ESA Animal Restrictions
American Airlines accepts common household pets such as dogs and cats as ESAs. Unusual animals, including but not limited to miniature horses, monkeys, and rabbits may be considered on a case by case basis. To find out if a specific species will be allowed, please contact the special assistance coordinator, available Monday through Friday. Please note that reptiles, ferrets, rodents, and spiders of any type are not permitted at all.
Pet relief areas are available in many airports. They are not exclusive to American Airlines and are for the use of all airport travelers. ESA handlers should make use of these areas for their ESA's comfort as well as keeping the airport clean. American Airlines employees can help direct ESA handlers to the nearest pet relief area upon request. ESAs should be leashed any time they are not in a carrier or crate. This includes when using the pet relief areas.
Different destinations have different requirements for ESAs and animals. Although Hawaii is a domestic destination, it has special rules to protect its rabies-free status. Please contact the state of Hawaii prior to travel to ensure all requirements for vaccinations and possible quarantine can be met. Puerto Rico and the U.S. Virgin Islands are part of the United States, but they have separate regulations from the continental US. Proper tags and ID are required along with proof of a recent (within 6 months) rabies vaccination and a recent health certificate certifying that the animals do not originate from an area quarantined for rabies. Some mainland US-based airports have additional rules, such as John F. Kennedy (JFK) Airport, in New York City. All ESAs arriving from an international pre-cleared station are required to clear TSA, and in both Greenville Spartanburg Airport (GSP) and Palm Beach International Airport (PBI) all ESAs are required to be crated. Regardless of the destination, ESA handlers should be sure to check all requirements prior to purchasing a ticket.

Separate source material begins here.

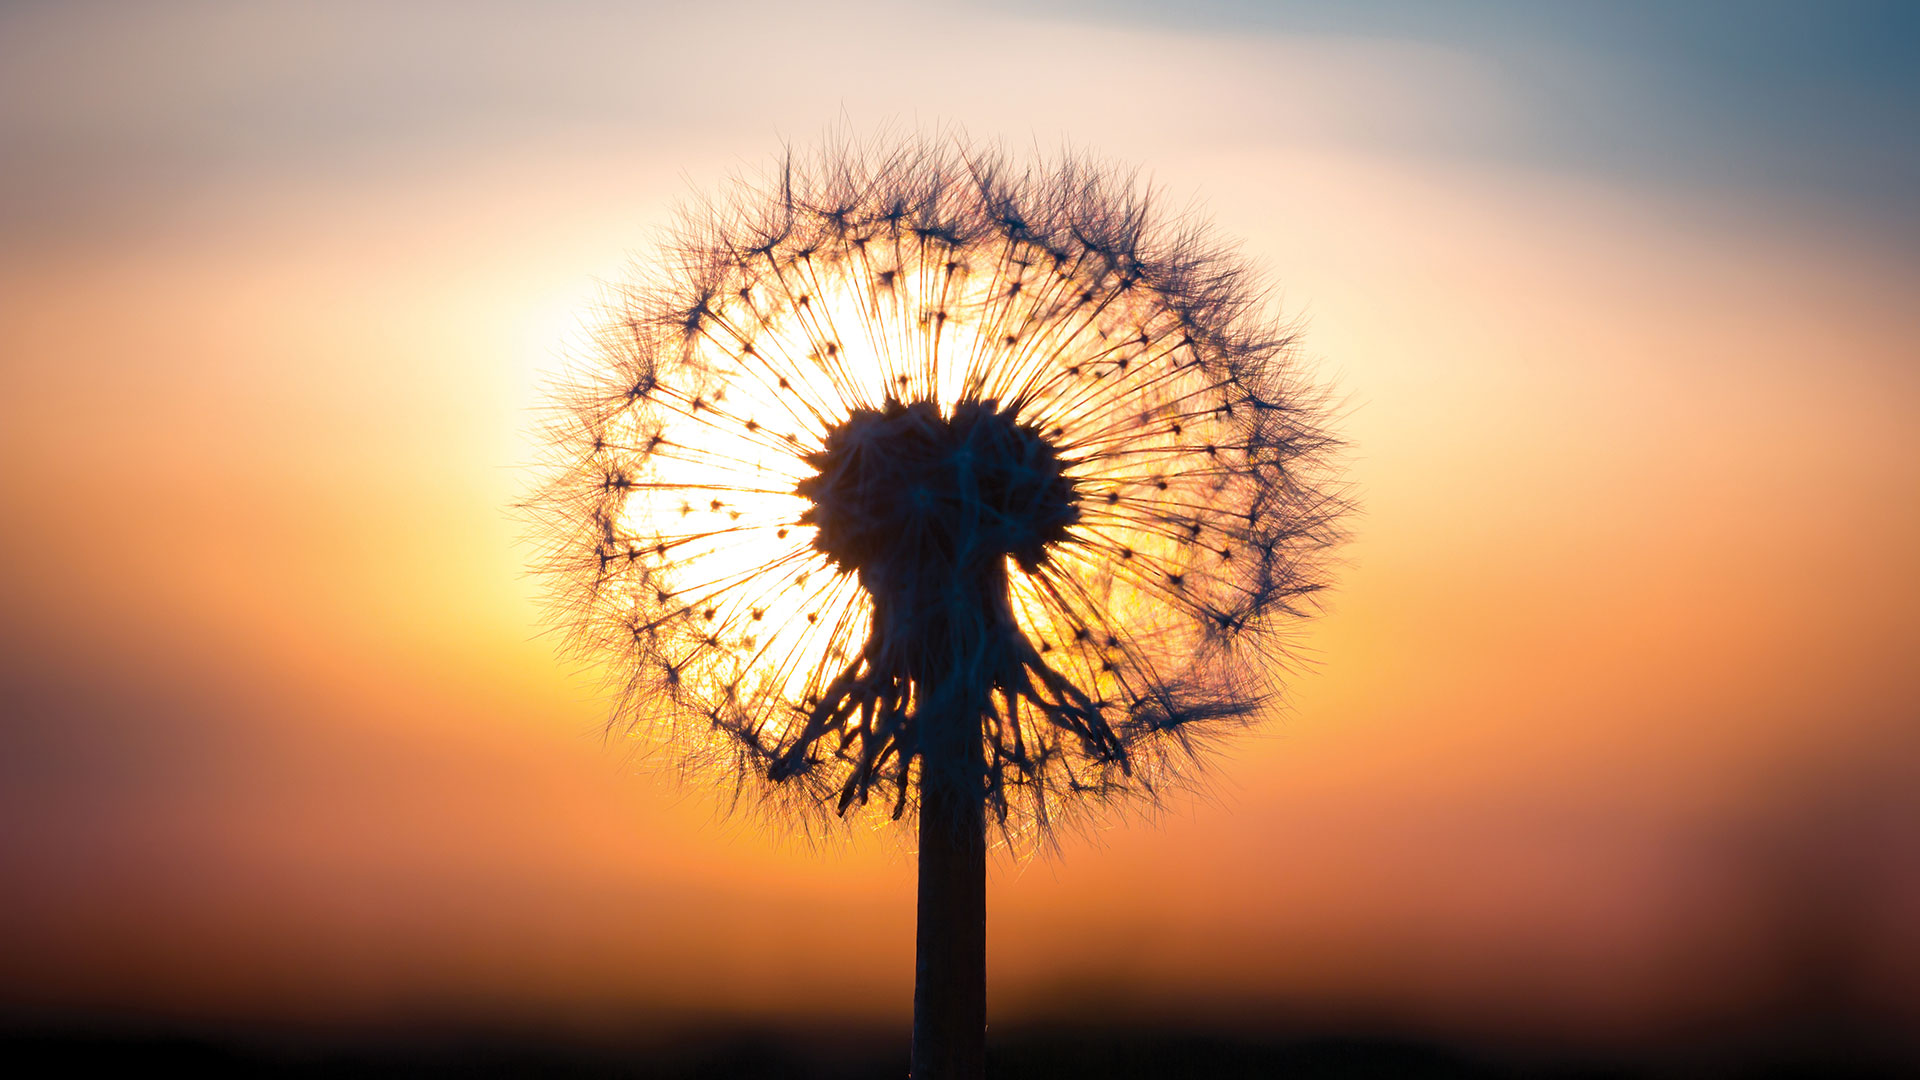 Dandelion silhoette in sunset

Every international destination is different. Note that not all countries and destinations recognize Emotional Support Animals as distinct from a pet. A few notable locations that American Airlines travels to has specific requirements. ESAs traveling to London need approval at least 72 hours in advance. If the ESA does not meet the airport's requirements for service animals, a fee may be incurred. Note that ESAs are not allowed on British Airways flights to non-USA destinations. Scotland's Animal Travel agency must be notified at least 48 hours in advance for any ESAs traveling to Scotland. ID cards from the agency that trained the service animal are required. ESAs may or may not meet Scotland's service animal requirements. For travel to Japan, contact Japan's Animal Quarantine Service no less than 40 days before arriving. New Zealand does not accept ESAs. Regardless of the destination, ESA handlers should always check specific requirements with the airport, state, and country where they arrive.